No 2005-11, Working papers from University of Connecticut, Department of Economics

Abstract: Credit-rationing model similar to Stiglitz and Weiss [1981] is combined with the information externality model of Lang and Nakamura [1993] to examine the properties of mortgage markets characterized by both adverse selection and information externalities. In a credit-rationing model, additional information increases lenders ability to distinguish risks, which leads to increased supply of credit. According to Lang and Nakamura, larger supply of credit leads to additional market activities and therefore, greater information.

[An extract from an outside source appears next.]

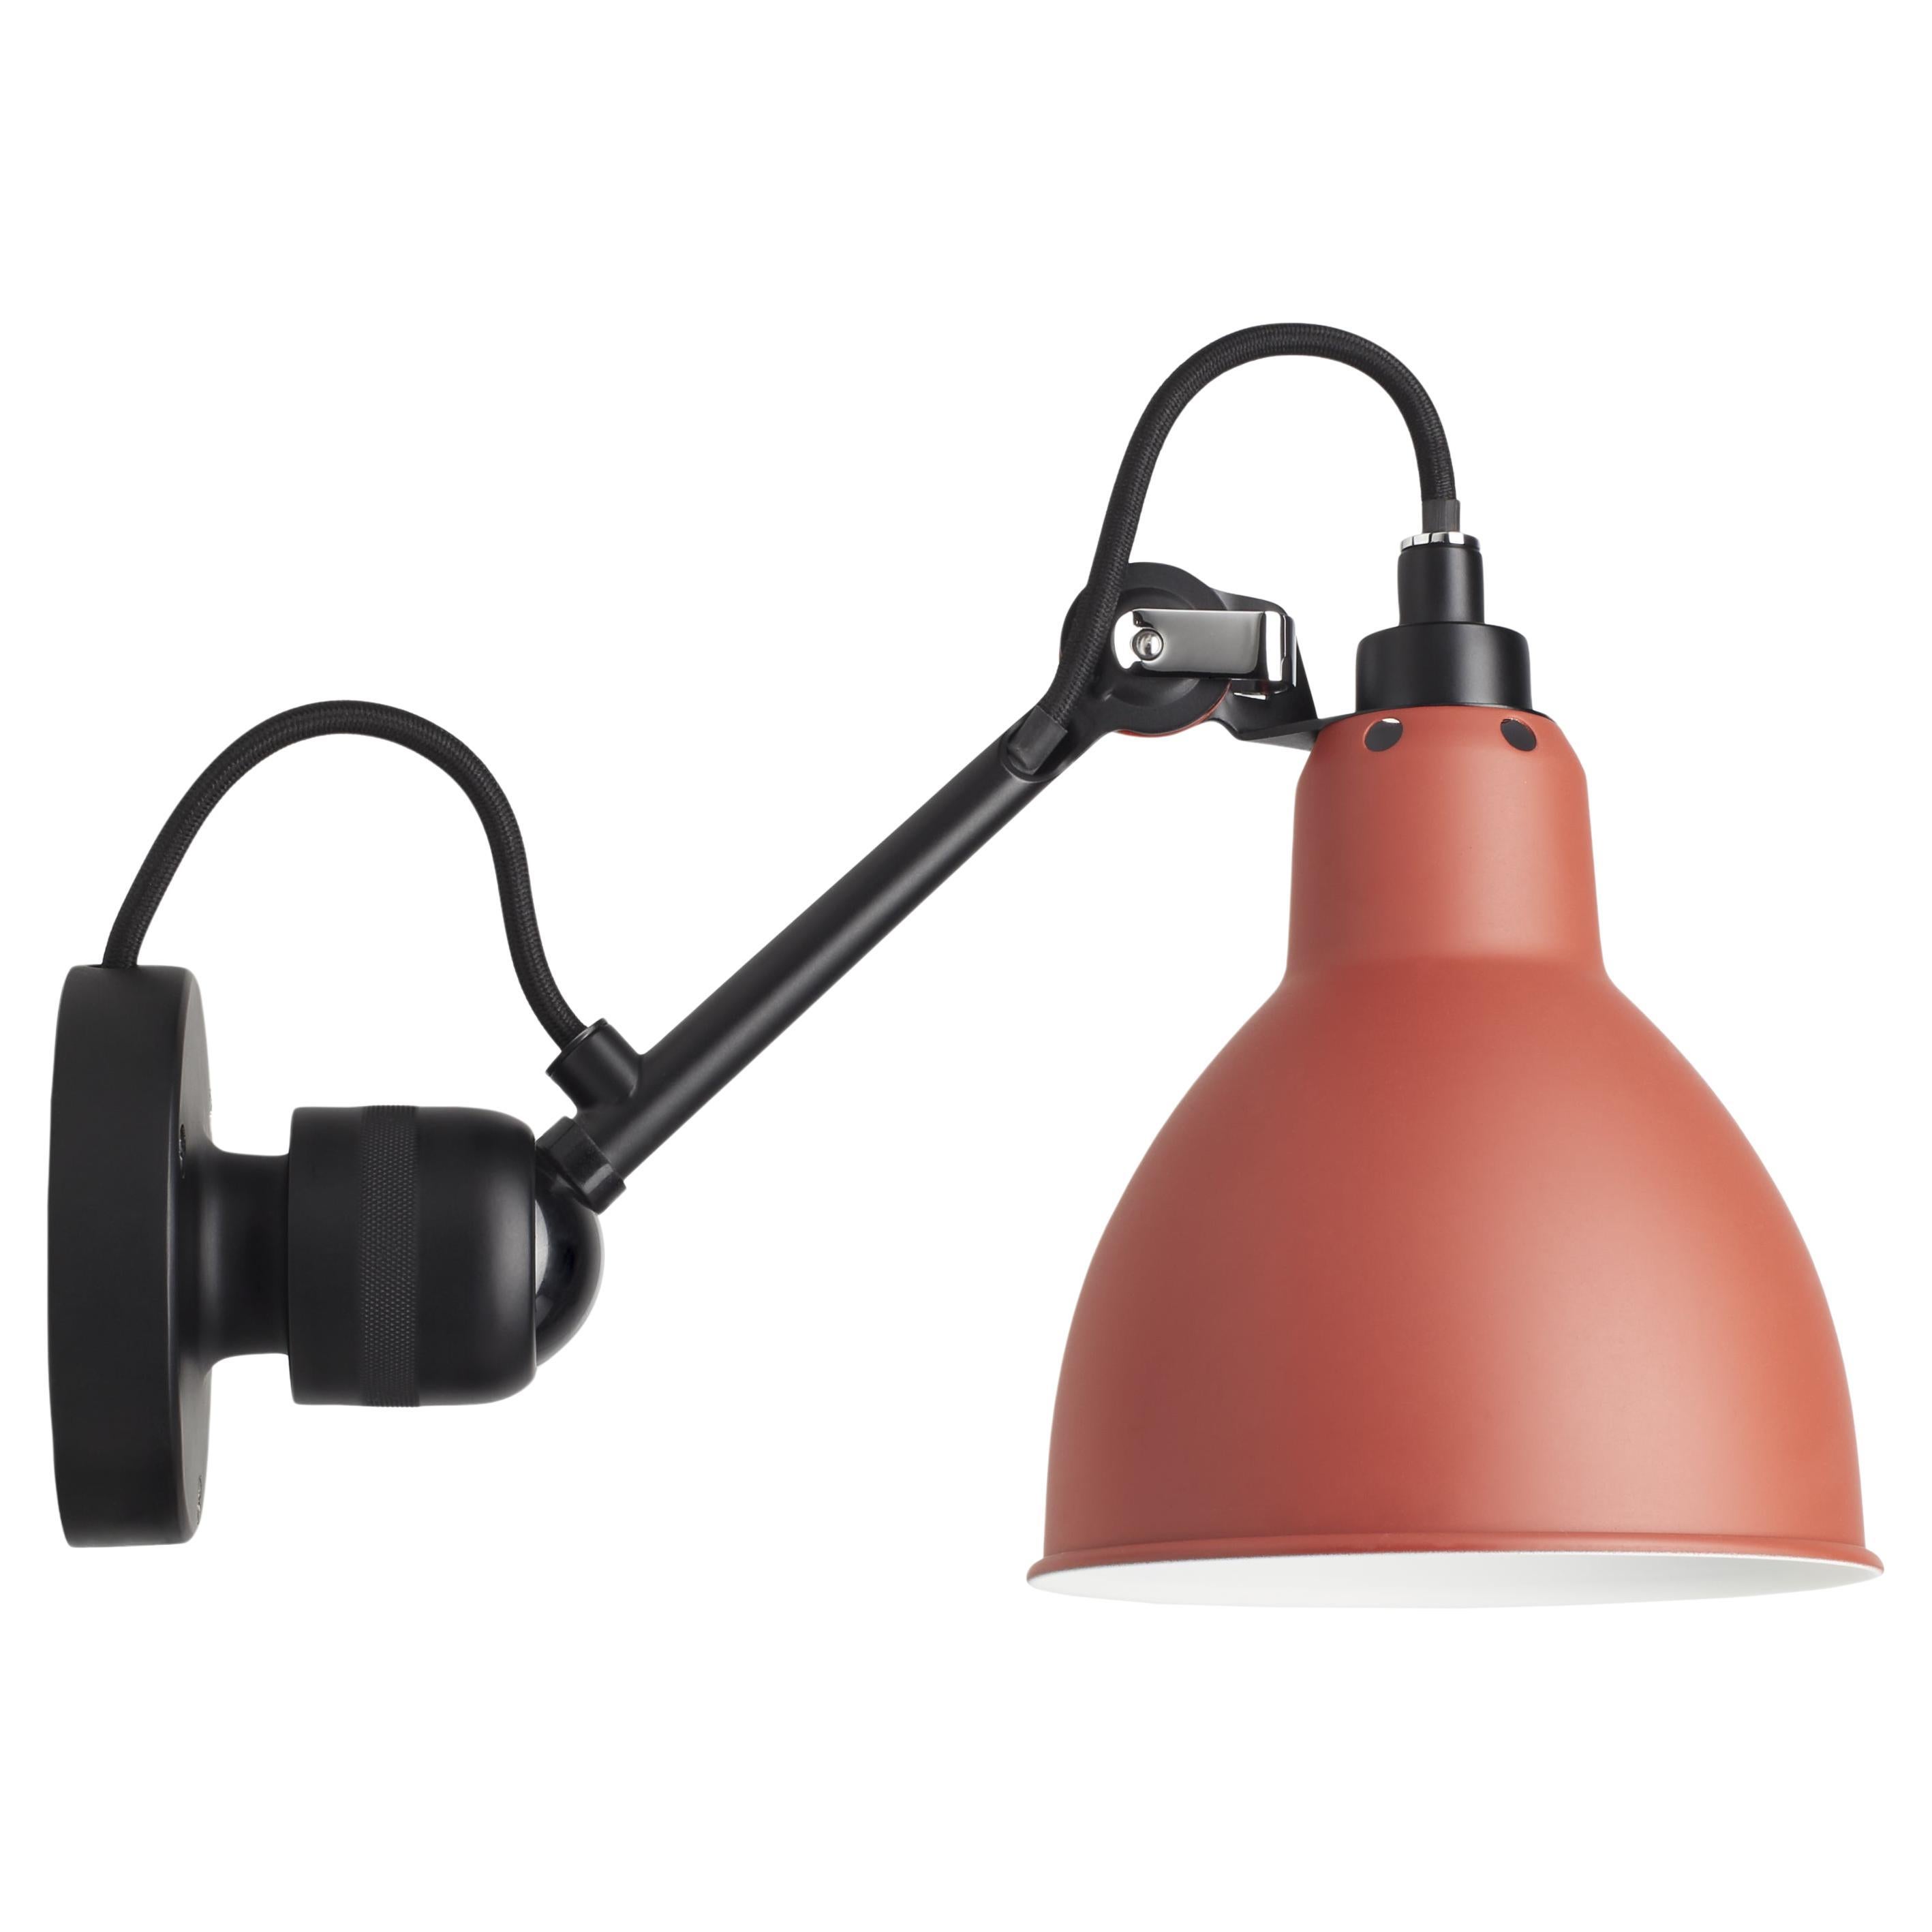 DCW Editions La Lampe Gras N°304 Wall Lamp in Black Arm and Red Shade For Sale
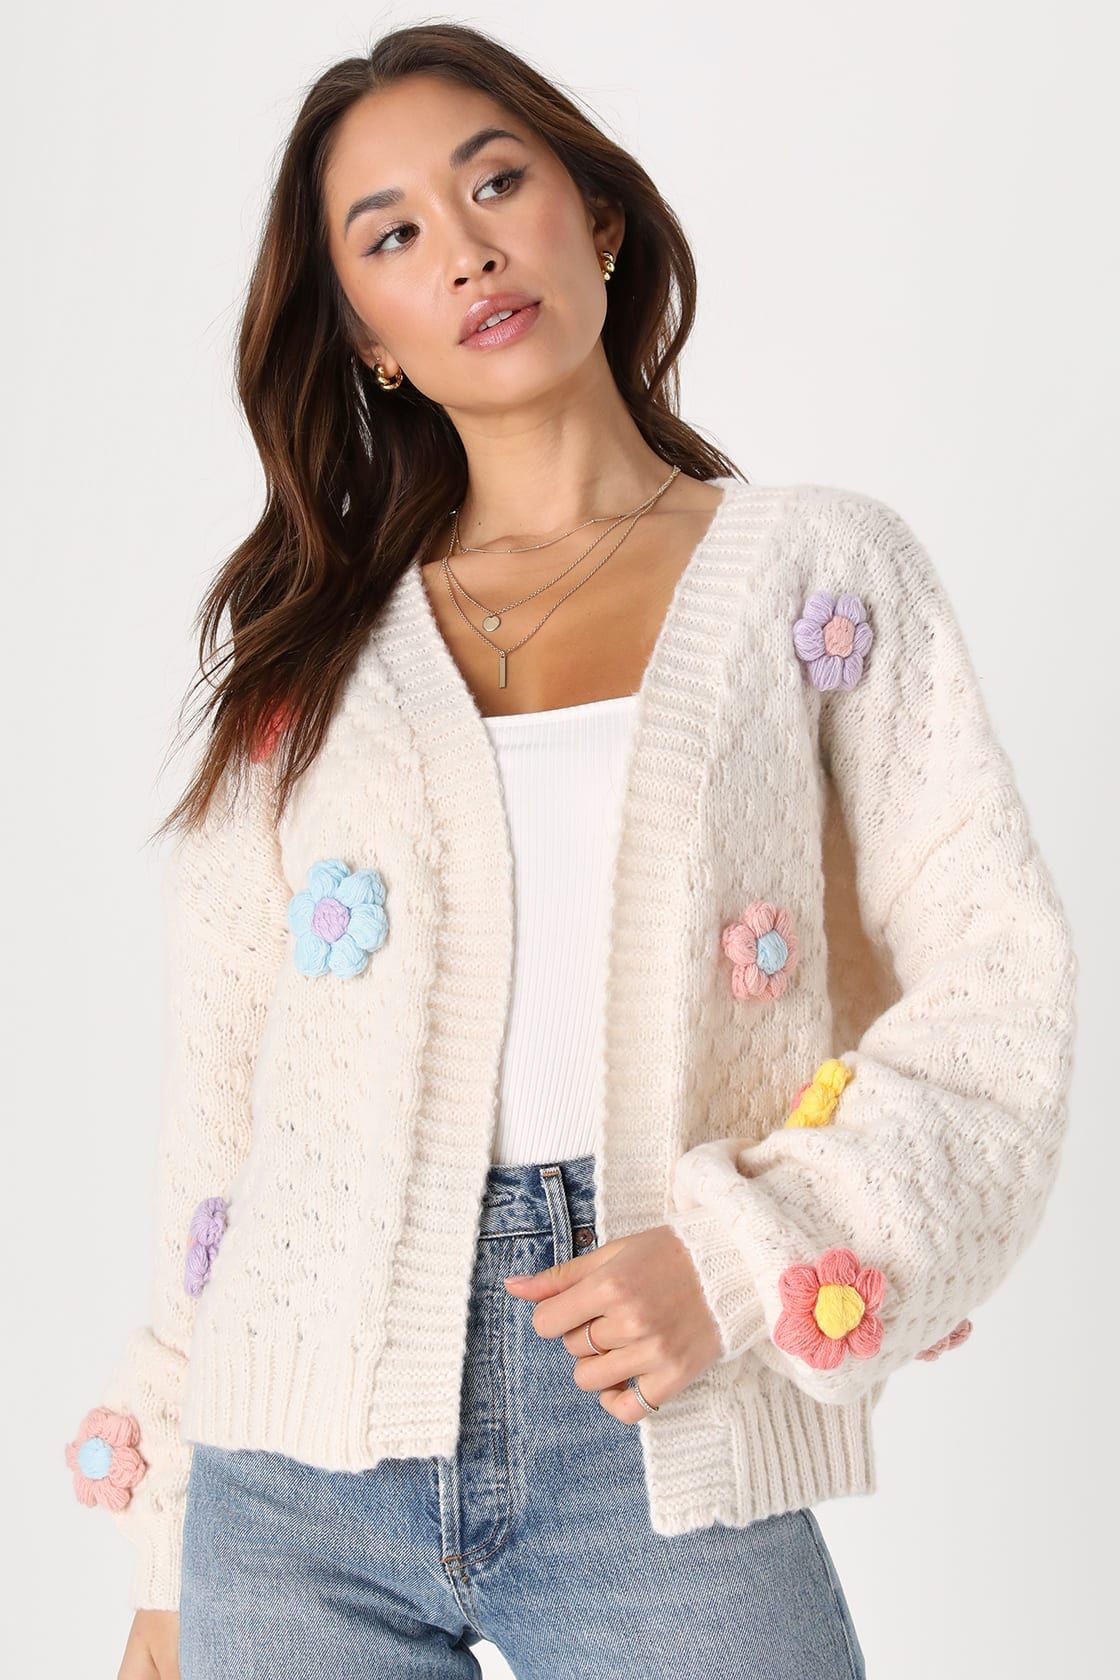 Chosen Charm Cream Knit Open-Front Embroidered Shrug Sweater | Lulus

The combination of these two propositions leads to a general equilibrium model. This paper describes properties of this general equilibrium model. The paper provides another sufficient condition in which credit rationing falls with information. In that, external information improves the accuracy of equity-risk assessments of properties, which reduces credit rationing. Contrary to intuition, this increased accuracy raises the mortgage interest rate. This allows clarifying the trade offs associated with reduced credit rationing and the quality of applicant pool.

Keywords: Credit rationing; Information Externalities; Adverse selection; Mortgage underwriting. (search for similar items in EconPapers)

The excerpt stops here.